So my bags are packed and I’m ready to go. This afternoon, I’ll be on the road again. One of the parts of my job I have loved as a professional genealogist is the travel. I have travelled across 38 states and around the world conducting the business of family history: presenting, researching, business development, and more. Having taken all of these trips, I have some general travel tips for you.
1. Save Suitcase Space
Are you taking an extended trip? I’m often gone for ten to fourteen days or more. Work clothes, relaxing clothes, shoes, computer equipment. This can take up tons of space. Now, when I pack, I cut back on the clothes. I bring enough clothes for four or five days. Then I do laundry while I’m on the road. Many hotels have laundry rooms where you can wash your own clothes. If not, there is probably a laundromat nearby. A last resort is to have the hotel launder your clothes for you. When choosing the last option, I try to find their rates online first so I can budget for it appropriately.

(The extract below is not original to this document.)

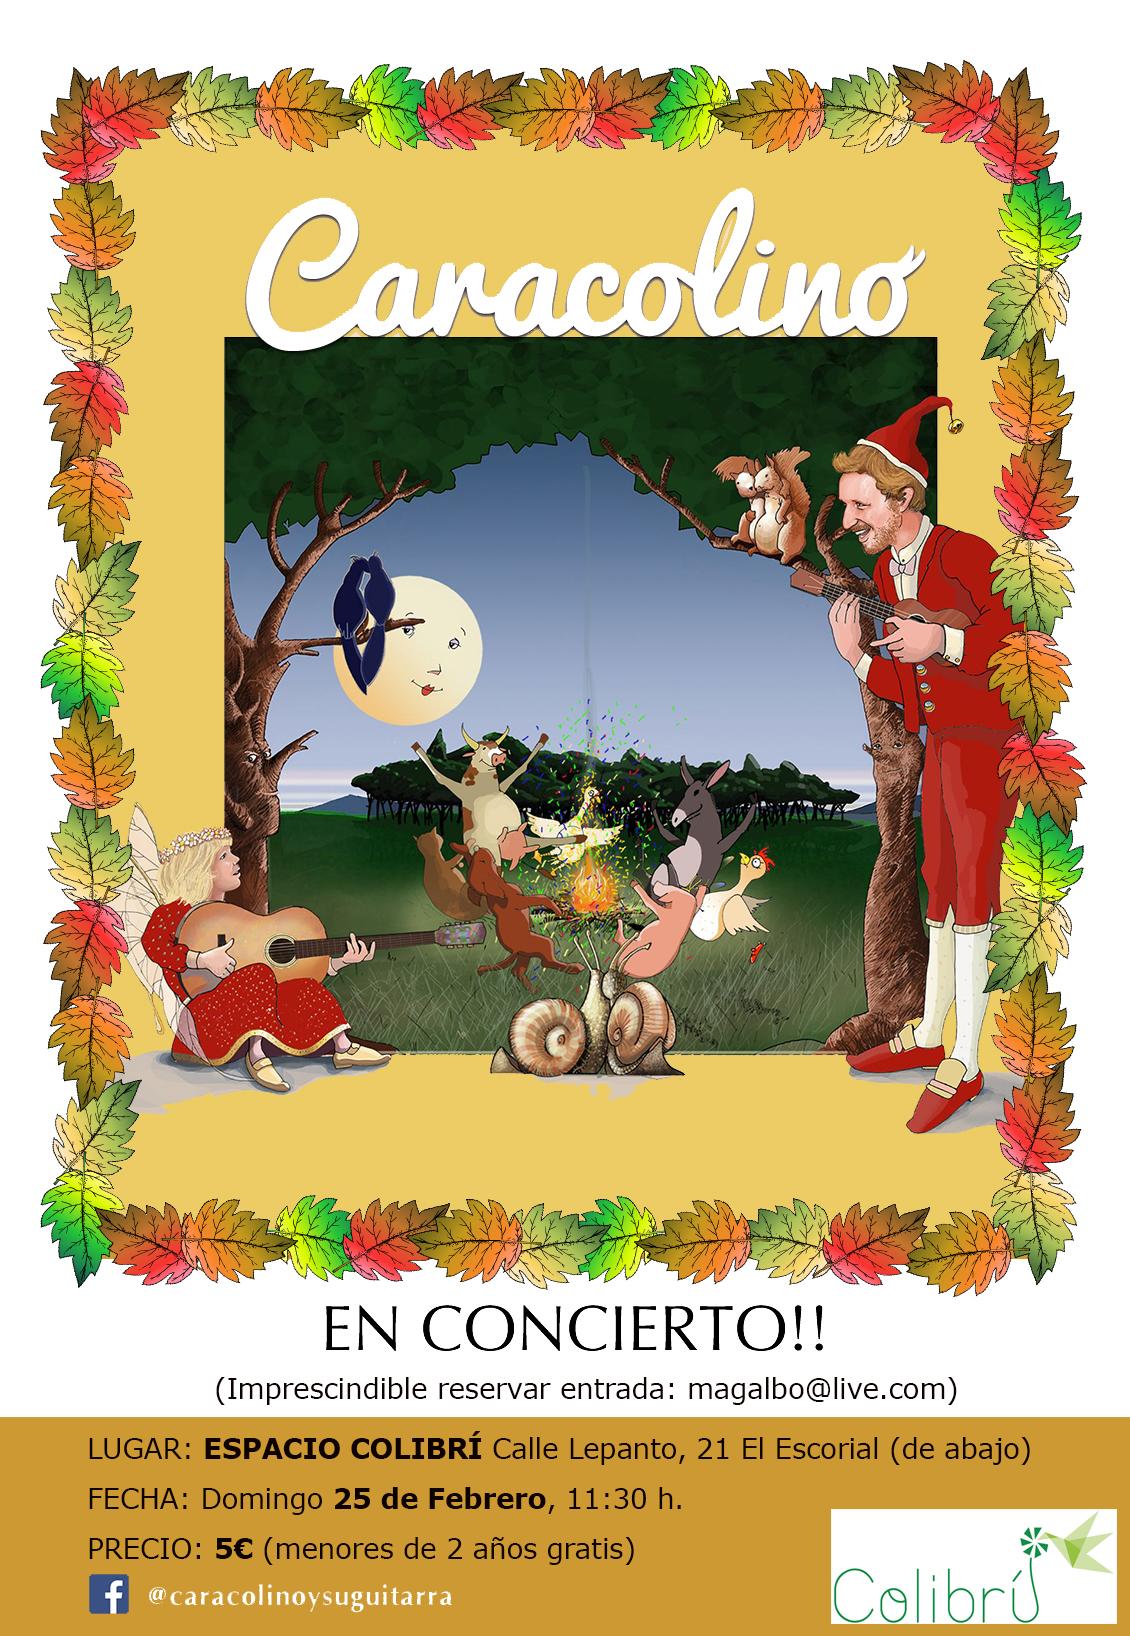 concierto caracolino colibrí

2. Plan for Getting Stuff Home
In the old days, I remember taking trips to Salt Lake City and making reams of photocopies. I would ship an entire box of paper home (Although there were times I carried the paper onto the plane with me and shipped my clothes home!). Nowadays, there is far less paper and far more electronic products. Last year when I was in London I was faced with a dilemma. I had packed my suitcase so carefully to get there and was very proud of myself that everything fit. Then came the time to pack to fly home. I was faced with a bunch of photocopies, used books, souvenirs for my nieces, and other items. And zero space in the suitcase. I had to borrow a suitcase from my friend Audrey. This year, I’m intentionally bringing an extra suitcase. Packed very lightly for the trip over. But when it is time to come home, there should be no problem with bringing stuff home.
3. Bank Fees
Banks can charge exorbitant fees nowadays. ATM fees, especially can add up. Not only does my bank not charge me ATM fees, they reimburse me the fees that other banks charge. This saves me lots of money when I’m on the road. When travelling internationally, I use the ATM when I arrive to obtain cash in the local currency. Even paying an ATM fee is often less than getting currency from a bank at home. And I put as much as possible on my debit card, which usually charges no fees at all.
4. Supermarket Run
Think about how much money you spend on your trips, running into convenience stores for bottles of water or soda, snacks, and more. Whenever I arrive in Salt Lake City, the first thing I do after checking in is run to the local supermarket. I buy snacks, fruit, and a case or two of water. Over the course of the trip, I end up spending far less money than I would have otherwise for such items. The case of water alone usually saves $20-25.
5. Get Your Passport
Percentagewise, fewer Americans have their passports than most European countries. People often think an overseas trip is so expensive. While the expenses can add up, having your passport frees you up to take advantage of last-minute deals from airlines, hotels, and travel websites. These can save you hundreds of dollars or more. But you won’t be able to wait months to get your passport. And if you pay the rush fees, you will soak up much of your cost savings.